Discussion in 'SQL Server' started by MinalS, Jun 10, 2015.

  1. MinalS

    MinalS New Member

    Jul 8, 2014
    Likes Received:
    Trophy Points:
    SQLOS Architecture

    The SQLOS is the server application used for managing the operating system resources. The buffer management, scheduling, deadlock detection, exception handling, extended events, etc are managed. The operating system is called and the scheduling functions efficiently schedule the engine resources.

    It provides an API to different layers when required by the operating resources. The API helps user to write code irrespective of machine architecture.


    Functions of SQLOS
    1. Exception handling: It handles both system and user defined errors.
    2. Deadlock: It detects deadlocks and checks for tasks that hold resources and locks.
    3. Synchronization: It contains reader/writer locks on resources, mutual exclusions
    4. Memory brokers: The memory is distributed among the components in the SQL Server.
    5. Asynchronous I/O: The server requests the windows for initiating I/O. The server session is placed in I/O wait queue. Once it receives a signal from about the resource availability, it is resumed from the queue.
    6. CLR hosting: CLR inside SQLOS helps the managed code to be used in SQL Server. There are changed to memory reporting, garbage collection.
    SQL server scheduler

    The server creates a scheduler for a CPU when it is started. Every scheduler is set to ONLINE or OFFLINE depending on the affinity settings. The sp_configure_option replaces the affinity mask. The process affinity option can be modified without restarting the server.

    SQL Server tasks

    A request in SQL Server is a batch sent from client to server. Once it is received by the server, it is bound to the task, the complete process or task is handled by the server. Multiple child tasks can be created depending on the degree of parallelism. The task or worker cannot accept a new request if there is a block condition.
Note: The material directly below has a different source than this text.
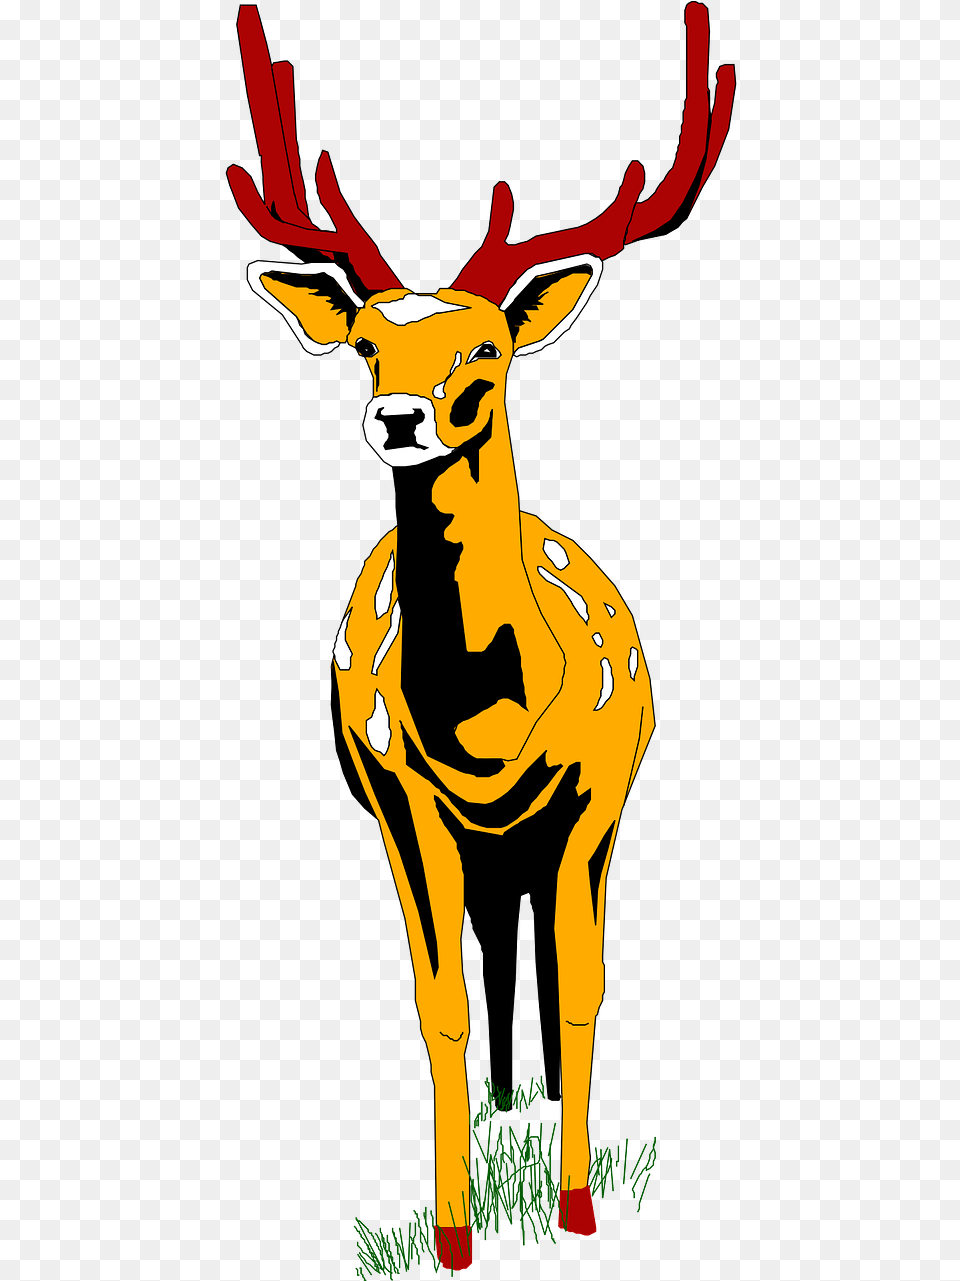 Cartoon Deer Front View, Animal, Mammal, Wildlife, Elk Png Image

    SPID is connection through which the requests are sent to the server. Every SPID has a scheduler associated with it. The scheduler with low load is assigned with SPID. If subsequent request from sent using the similar ID, the scheduler with low load factor is assigned with it. A limitation to the tasks is the processing of the SPID is done on the same node.

    NUMA and schedulers

    In the NUMA configuration, each node is subset of machine processors. The number of processor is preset, if the machine is NUMA configured. The SPID is assigned to the round robin to nodes. The scheduler monitor assigns the SPID to the least load scheduler.

    Every memory node contains its lazywriter. The I/O completion port is the network listener. Node consists of resource monitor used for managing the scheduler. The scheduler monitor thread starts at a specific time interval and checks to yield the time previously the monitor was awake.

    Binding schedulers

    Ideally, the schedulers do not bind to the CPU. Once the process affinity is set, the schedulers are bound to the CPU. The value AUTO for the process affinity states that hard binding of the scheduler is not needed.

    The ALTER CONFIGURATION SET PROCESS AFFINITY CPU needs only CPUID. The range of ID using the start and end of the ID is specified. The process affinity is dependent on NUMA nodes using the ALTER SERVER CONFIGURATION SET PROCESS AFFINITY NUMANODE = < NUMA node range spec>.


    The resources of the memory are managed dynamically by the server. The SQLOS layer communicates constantly with the operating system. The buffer pool is main component of the memory. The buffer handles disk I/O functions and index pages in the cache.

    The size of buffer is similar to the index page. The buffer is referred as a page frame for holding a database page. The plan cache is used as a cache for query plans and procedures. If there are large memory blocks to be allocated, the multi page allocator is used.

    The column store object pool allocates memory from page allocator as a buffer pool. The CACHE_COLUMNSTOREOBJECTPOOL is used to track the memory. The memory is different from the buffer pool. The page flushing can occur from the data cache.

    Page management

    Performance optimization can be achieved by keeping the buffers ready. The non availability of the buffer results into unwanted search to locate the buffer. To overcome this issue, the server has a linked list of addresses of free pages. The buffer contains header with information about the page reference. The information implements the page replacement policy.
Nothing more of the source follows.